The scenery alone is enough motivation to travel to Finland. After all, they’ve been influencing musicians and songwriters for a long time. There is enough variety to keep you surprised for a long time, including the flat plains of the south, the mountains of Koli National Park, and the snow-covered tundra of Lapland. If you really want to soak it all in, rent a car or a camper van and go on a road trip around the nation to take in the sights.
Finland has thousands of lakes, many of which provide excellent chances for water-related activities such as fishing and boating. There are also picture-perfect rustic lakeside homes in the depths of the countryside where you can stay. It’s the ideal time to reconnect with nature and get away from the stresses of contemporary life. Many of these locations also have easy access to popular ski resorts.

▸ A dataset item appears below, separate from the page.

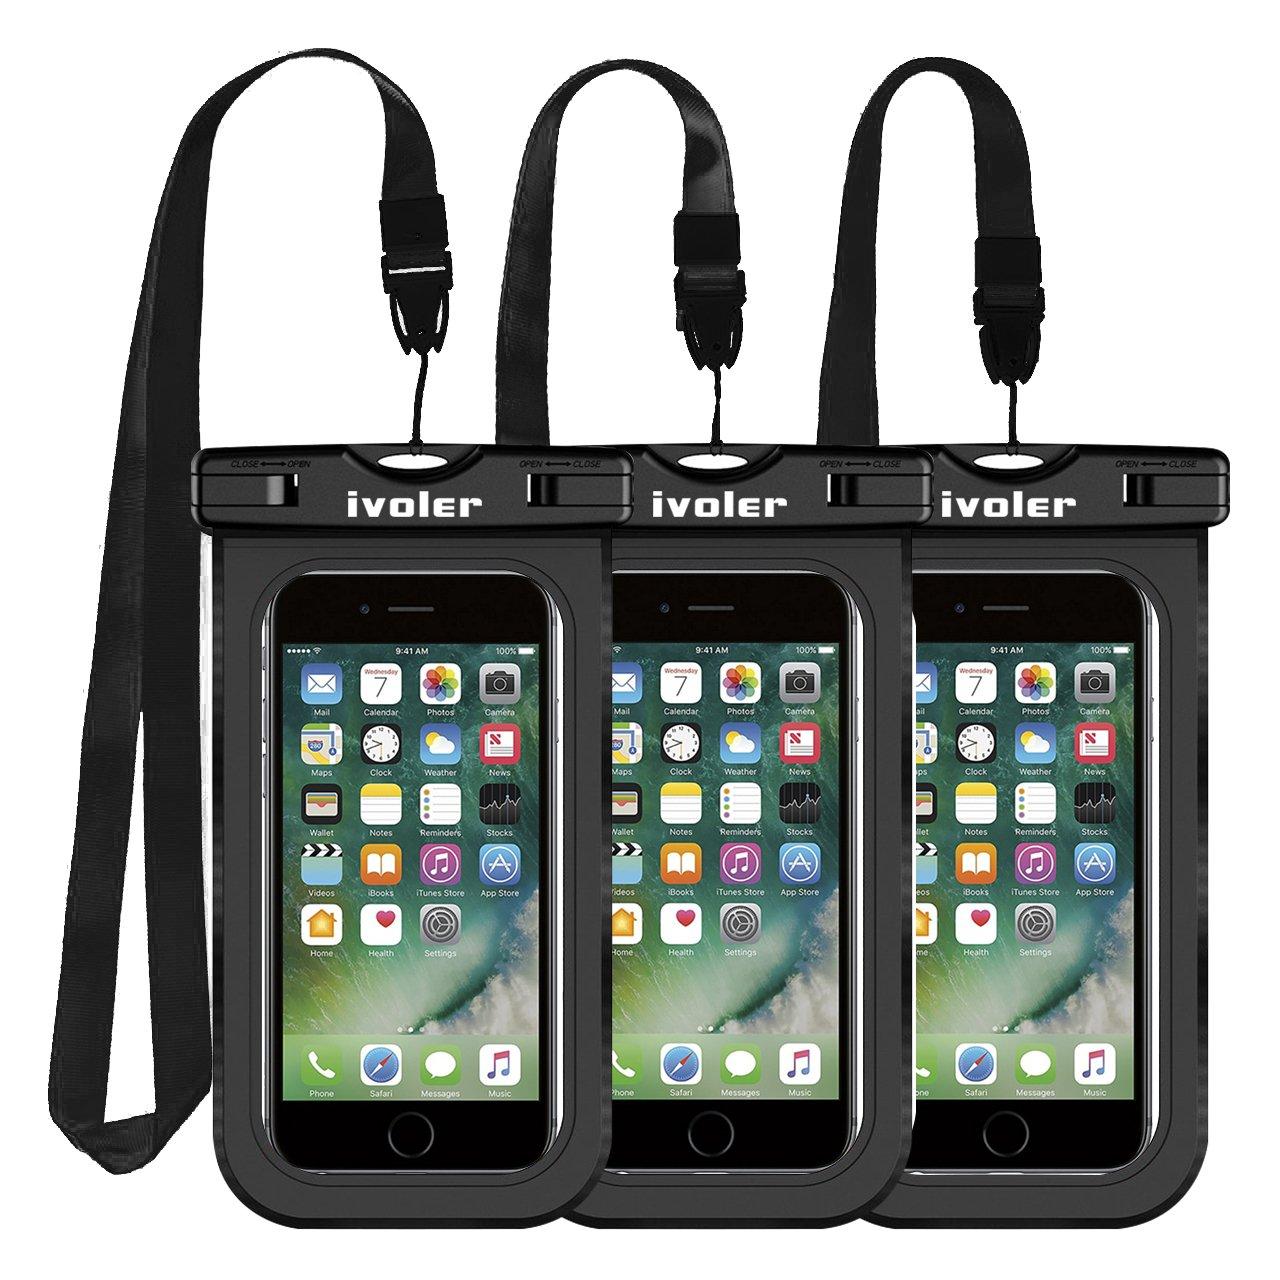 Samsung Huawei Etui//Housse//Coque /Étanche Smartphones Universel Sac Protection pour iPhone ivoler Nior//Bleu//Rose Certifi/ée IPX8 Pochette /Étanche T/él/éphone Jusqu/à 6,5 Pouce Pack de 3

When the ice on Finland’s lakes melts in the summer, the country’s enormous network of lakes opens up for leisurely excursions, fishing, and wild swimming in some of the world’s cleanest and purest waters.
It’s maybe unsurprising that the Finns enjoy both reindeer and salmon being an Arctic country with many rivers and access to the sea. In the winter, both are popular in soup form, and both may be grilled on a grill in the summer and winter. (Vegetarians and vegans need not be concerned; vegetarian, vegan, and gluten-free meals are widely available in Finland.)
Savory breakfast options include cheese, eggs, ham, and rye bread, as well as salty porridge. A tasty pastry and a cup of coffee are also favorites among Finns! If you’re looking for something different, Finland also has a lot of international food.